Most analysis a farm family sees about DSTs, 1031 exchanges, and replacement properties comes from broker-dealers and sponsors who earn commissions of 5% to 7% on every dollar placed. Their incentive is the transaction — not the outcome.

Avidity Capital Inc. is different by design. We are a Registered Investment Adviser operating under a fiduciary standard. We charge a flat advisory fee for our work and accept no commissions, referral fees, or revenue-sharing from real estate sponsors, DST issuers, qualified intermediaries, or any third party. That structural independence is what allows us to recommend what actually fits the family — including, sometimes, doing nothing at all.

What the Alvarez Family Chose

After walking through the full analysis — and in close coordination with their CPA and estate attorney — the Alvarez family chose a blended path. Roughly 80% of the equity was exchanged into a diversified portfolio of Delaware Statutory Trusts across industrial, medical office, and multifamily assets. The remaining equity was structured through an installment sale funding a family trust for the grandchildren.

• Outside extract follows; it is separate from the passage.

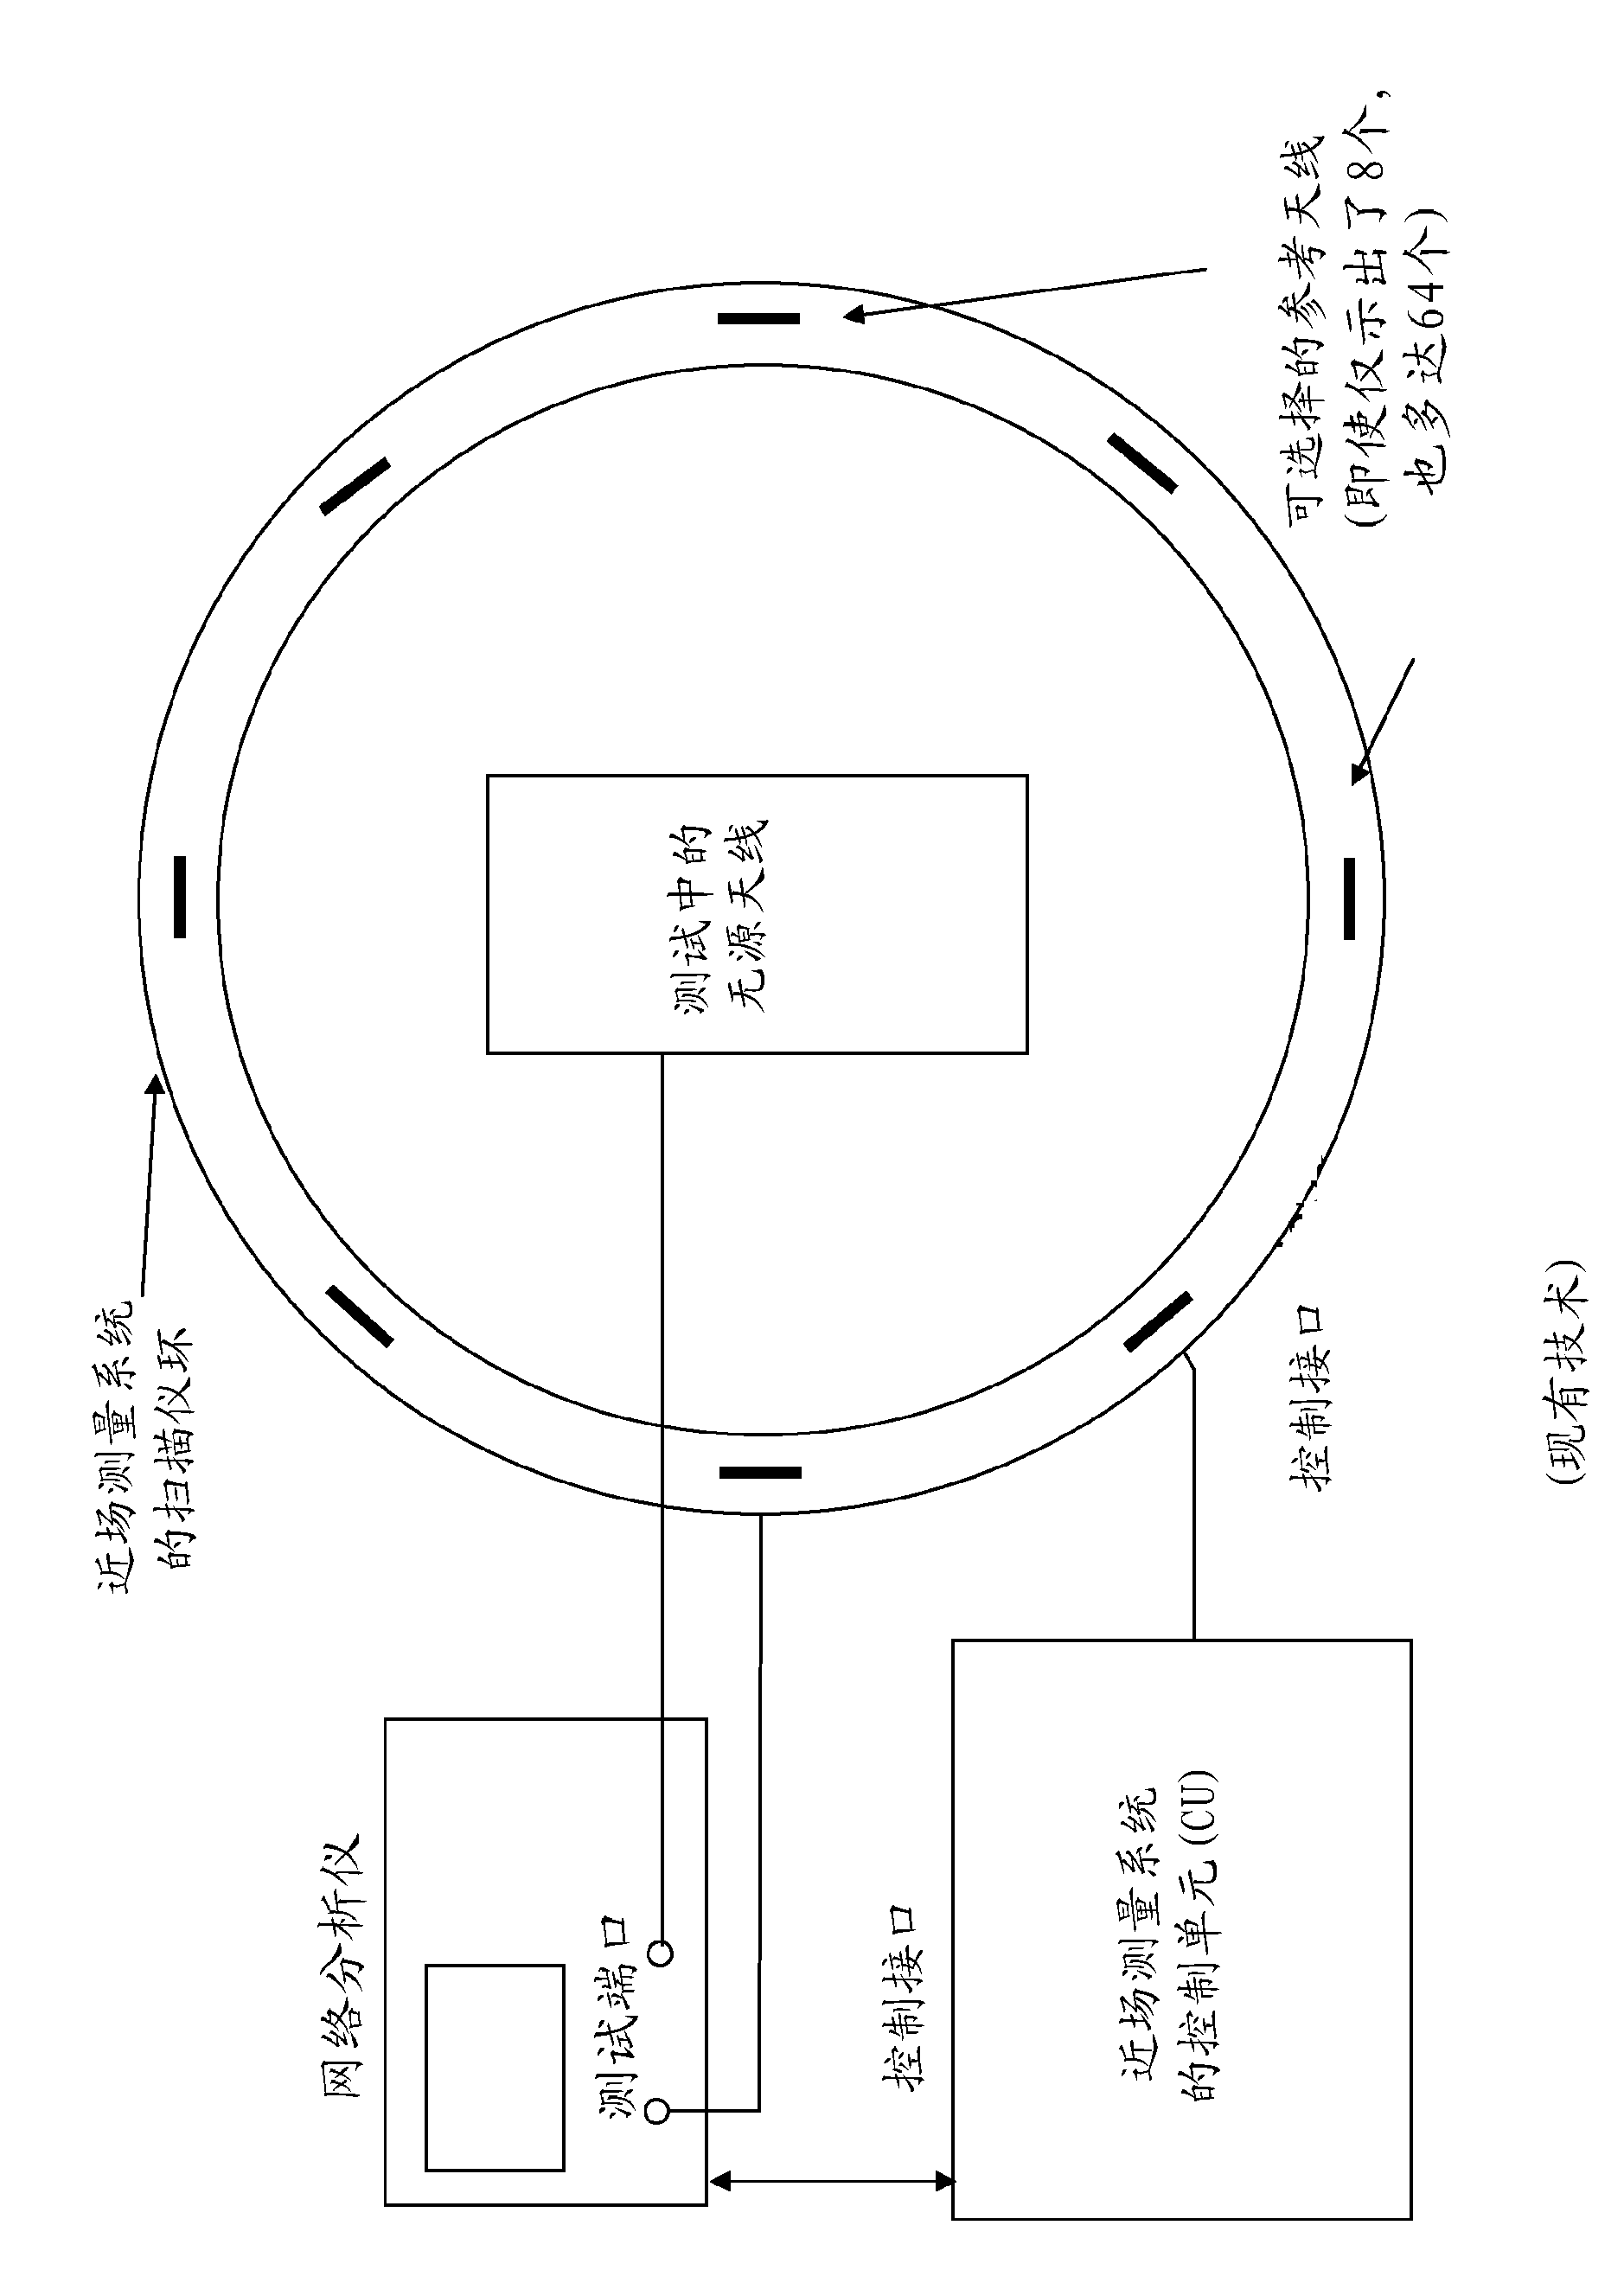 Apparatus for measuring a radiation pattern of an active antenna arrangement

The family exited active farming without exiting ownership. The next generation inherited a diversified base of income-producing real estate rather than a single parcel of ground — and approximately $10 million that would have otherwise left the family continues working for them today.

Important Disclosures

Hypothetical Illustration. The Alvarez Family scenario is a composite example constructed for educational purposes. It does not represent any specific client, transaction, or guaranteed outcome.

Tax Estimates Are Simplified. Calculations apply top federal and California marginal rates for 2026 and do not account for all factors that may affect an actual taxpayer’s liability, including filing status, alternative minimum tax, other income, itemized deductions, and state-specific adjustments.

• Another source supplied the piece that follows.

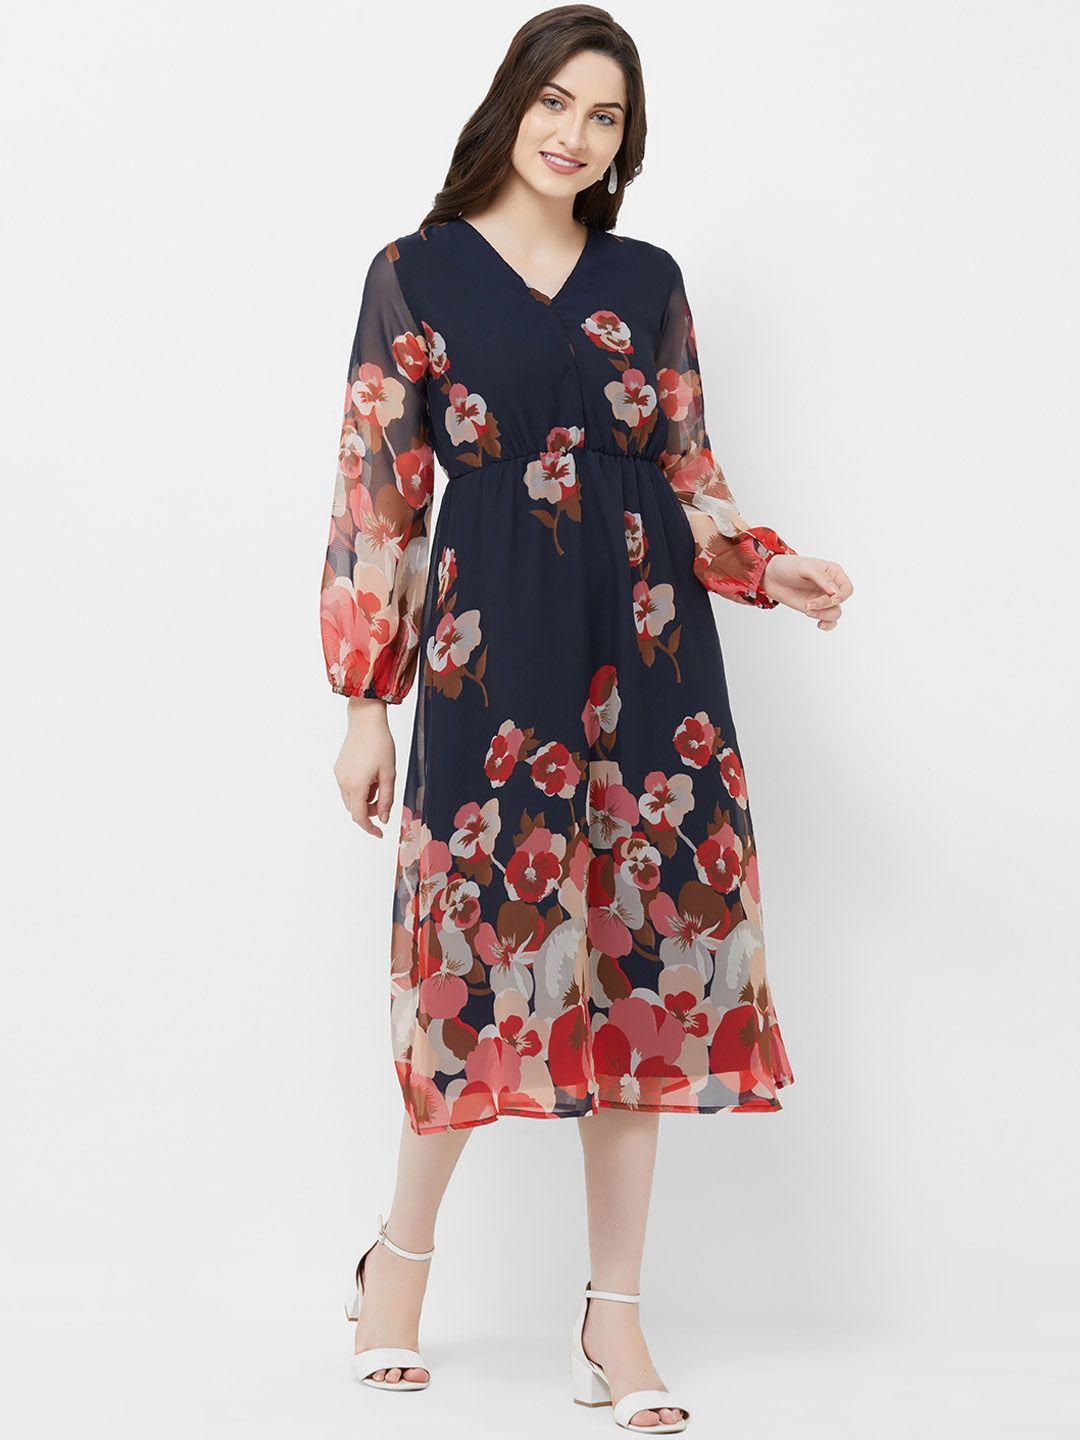 mish-women-navy-blue-floral-print-georgette-fit-and-flare-dress

Not Legal or Tax Advice. This material is educational. Readers should consult a qualified certified public accountant and attorney before making any decisions regarding the sale of real estate, 1031 exchanges, Delaware Statutory Trusts, or estate planning.

Investment Risk. All investments involve risk, including the potential loss of principal. Real estate investments — including DSTs — carry additional risks including illiquidity, sponsor dependence, and tenant concentration. Past performance is not indicative of future results.

Registered Investment Adviser. Investment advisory services are offered through Avidity Capital Inc., a Registered Investment Adviser located in Hanford, California. Registration does not imply a certain level of skill or training. Additional information is available at adviserinfo.sec.gov.

No Commissions. Avidity Capital Inc. does not accept commissions, referral fees, or revenue-sharing from real estate sponsors, DST issuers, qualified intermediaries, or any third party. Clients are billed a flat advisory fee for services provided.